For example, the "bottom-up" method is grown at 900 ° C. to 1150 ° C. and 50 torr to 500 torr, MOCVD (metal-organic chemical vapor deposition), MBE (Molecular Beam Epitaxy) or HVPE (Hydride Vapor Phase) Epitaxy may be used, etc. In addition, in the “Top-down” method, physical or chemical etching may be used.

The three-dimensional structure 141 is a cone; polygonal pyramid; cylinder; polygonal column; circular ring; polygonal ring; hemisphere; conical, polygonal pyramid, circular ring and polygonal ring shape truncated to have a flat top; a cone, a polygonal pyramid and a polygonal column including a hollow depression in the form of a cylinder; and a column in the form of a line; It may include one or more selected from the group consisting of structures.

The step of forming the light emitting layer ( S123 ) is a step of forming the light emitting layer 142 on the 3D structure 141 to form the 3D light emitting structure 140 . The three-dimensional light emitting structure 140 is a structure that is connected to a semiconductor layer and emits light in a single and/or various wavelength bands.
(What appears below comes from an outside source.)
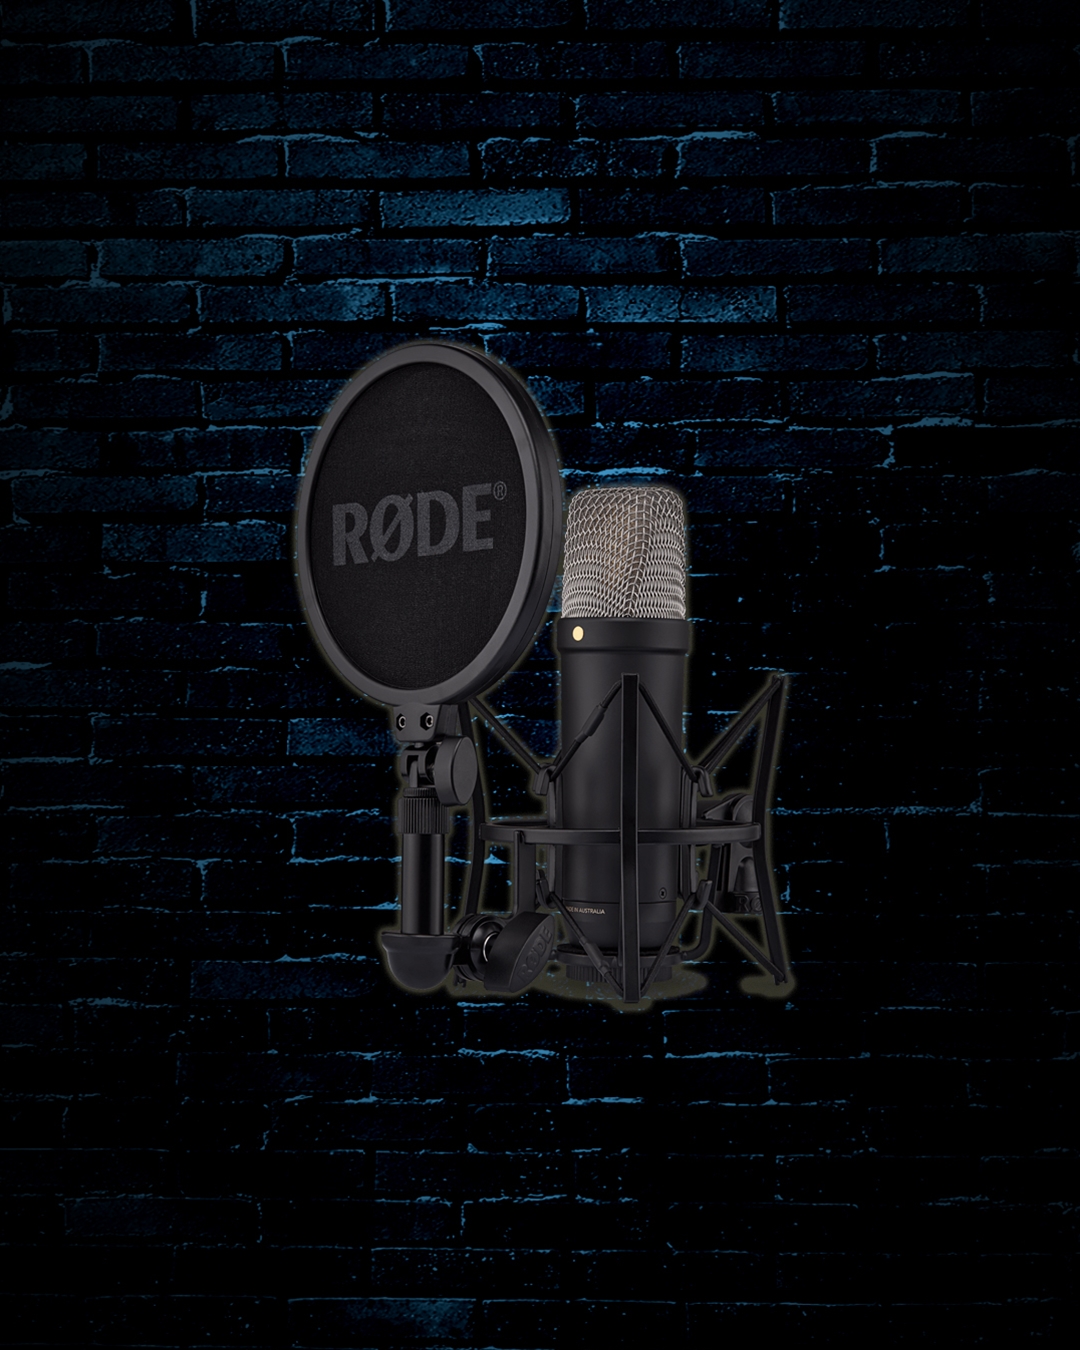 RODE NT1 5th Generation Silver Microphone

The three-dimensional light-emitting structure 140, since the light-emitting layer 142 is formed along the surface of the three-dimensional structure 141, has substantially the same size, shape, and arrangement interval (shape) as the three-dimensional structure 141, 3 shape, size (eg, height, volume, cross-sectional area, diameter, length, base length, etc.), component, arrangement (eg, center-to-center spacing, arrangement shape, density, etc.), component, growth of the dimensional structure The emission wavelength may be controlled by at least one factor of the method and the crystal structure, and may be further controlled by the configuration of the emission layer 142 . For example, as shown in FIG. 3 , the emission wavelength is divided in sub-pixel units, and the shape, size, and/or interval of the three-dimensional structure 141 is adjusted in the sub-pixel to control various emission wavelengths, that is, visible light (red light). , green and blue), white light, and a sub-pixel divided into light emitting regions of various wavelengths such as broadband may be formed.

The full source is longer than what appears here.